* **PROBLEM STATEMENT**: In the listing below, the lines starting with the line with "2020 ipad air comparison display" and going on through the line with "Introducing the New" are to be reproduced exactly, and only those.

* **GIVEN DATA**:
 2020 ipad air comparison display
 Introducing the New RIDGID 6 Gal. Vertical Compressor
==
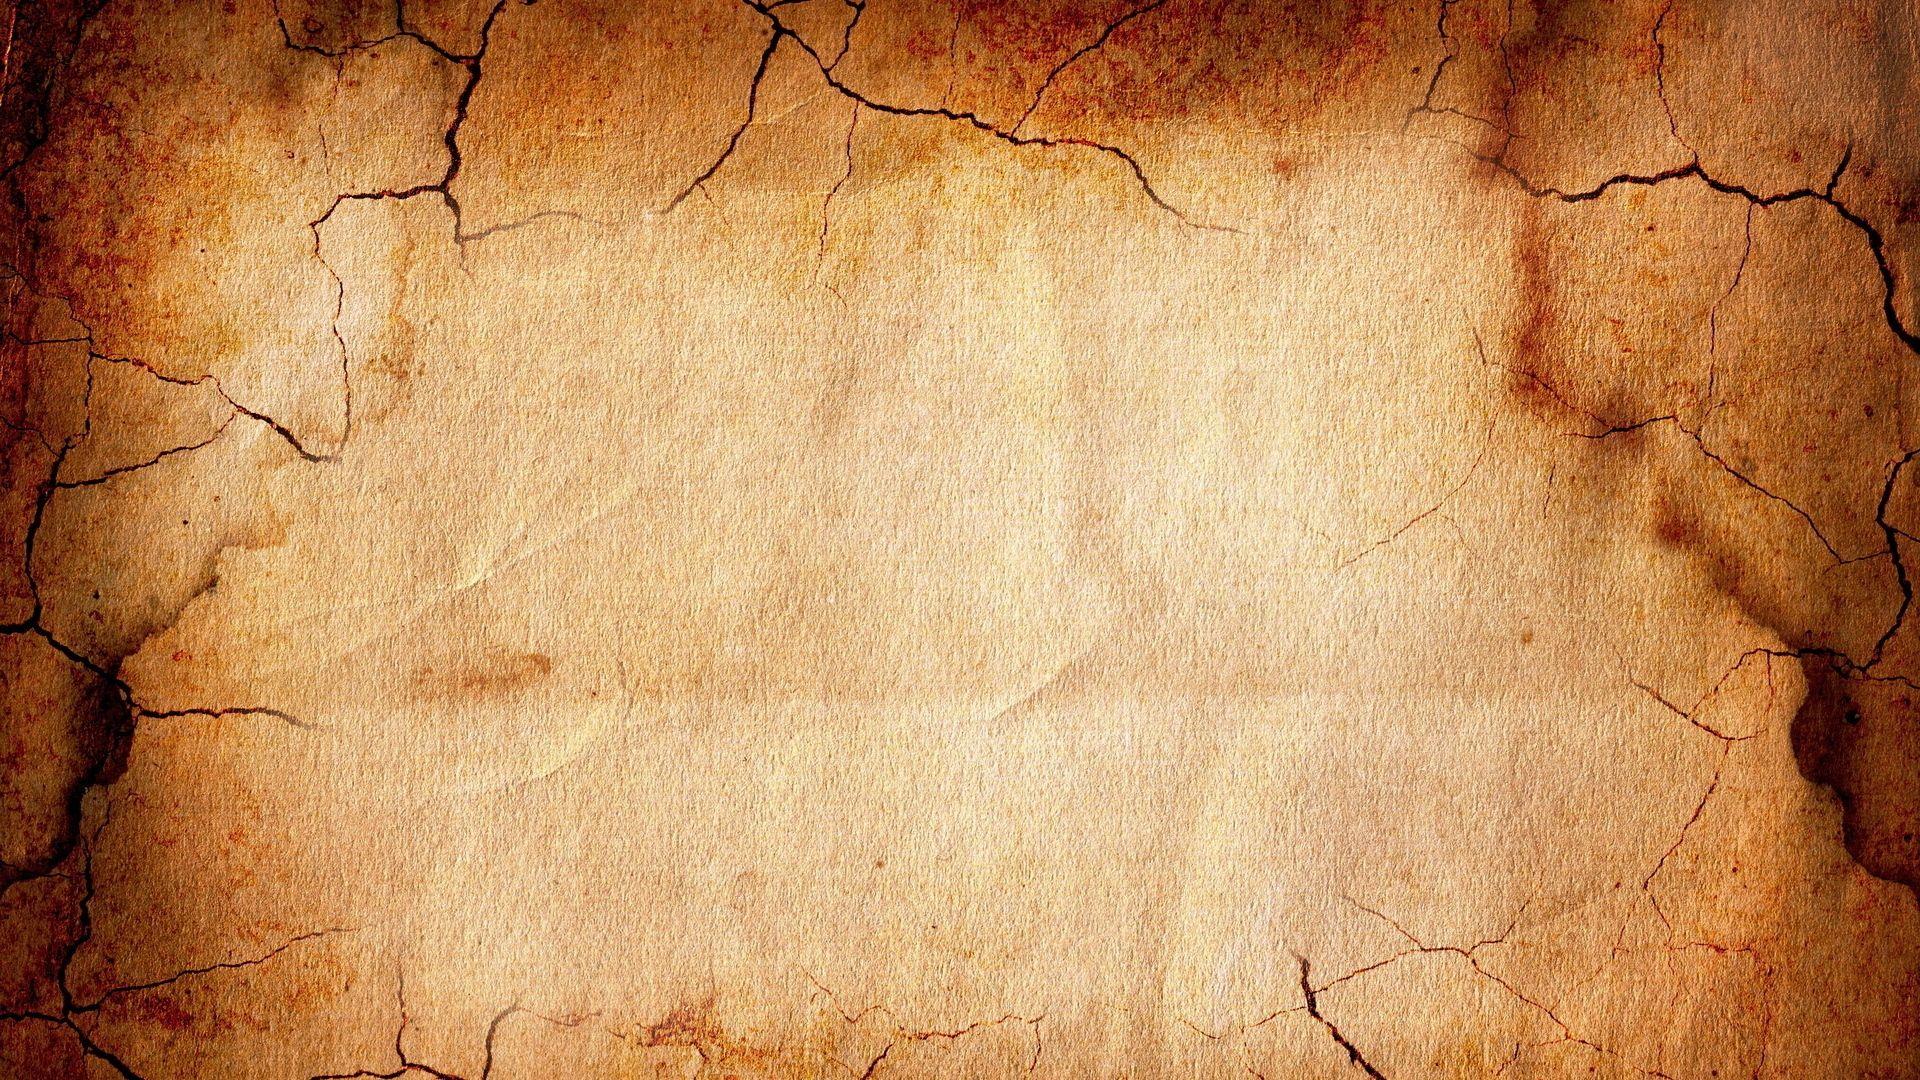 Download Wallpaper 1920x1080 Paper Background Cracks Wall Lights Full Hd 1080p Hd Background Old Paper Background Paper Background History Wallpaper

* **OUTPUT FOR THIS EXERCISE**:
 2020 ipad air comparison display
 Introducing the New RIDGID 6 Gal. Vertical Compressor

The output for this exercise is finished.